Over a hundred years later, legal arguments used by her 1834 trial attorney were submitted to the Supreme Court during their consideration of the historic civil rights case of Brown vs. Topeka Board of Education.

Erected by Kansas Historical Society & Kansas Department of Transportation. At the same roadside park is another marker:
The State of Connecticut proudly joins the State of Kansas in honoring the lifetime achievements of Prudence Crandall, educator and champion of human rights. Crandall's courage and determination serve as examples to all who face seemingly insurmountable odds and to those who refuse to be limited by social conventions. To this day, her efforts to promote equality in education remains unequaled.
The building which housed Crandall's academy in Canterbury, Connecticut opened as a museum in 1984 and is administered by the Connecticut Historical Commission. The museum's national importance was recognized in 1991 when it was designated a National Historic Landmark by the U. S. Department of the Interior.

This plaque was made possible through the generous donations of citizens of the State of Connecticut.

On October 1, 1995, by an act of the General Assembly, Prudence Crandall became Connecticut's State Heroine.

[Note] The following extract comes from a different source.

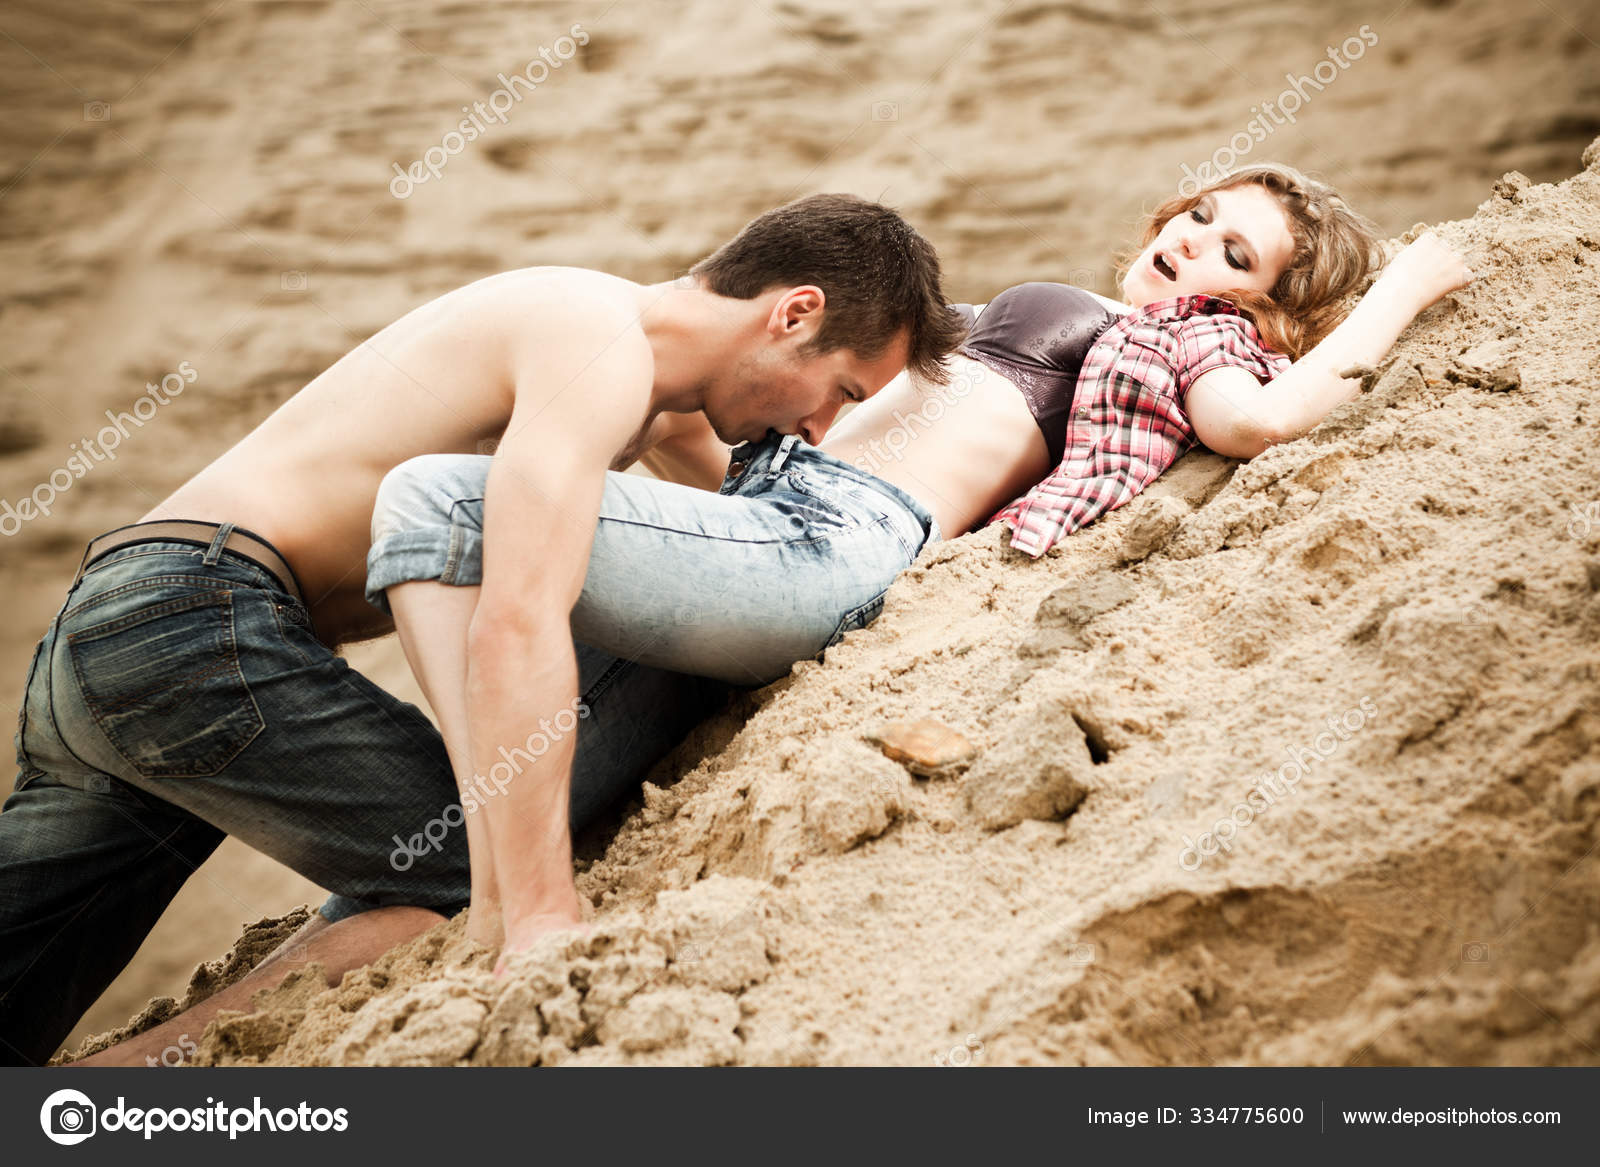 Парень лежит на девушке. Страсть на песке. Парень и девушка на песке. Мужчина лежит на песке. Пара лежит на песке.

In 1833, Prudence Crandall established the first academy for African-American women in New England. During its 18 months of operation, Crandall and her students faced hardships and violence. She was placed on trial twice for breaking a law specifically designed to prevent the school from operating. In the fall of 1834, although the charges against her were dismissed, the school was closed.
Prudence Crandall demonstrated great courage and moral strength by taking a stand against prejudice. In 1886 the legislature honored her with an annual pension of $400.00.
The Prudence Crandall House is a National Historic Landmark located at the intersection of 14 and 169 in Canterbury. It is operated by the Connecticut Historical Commission.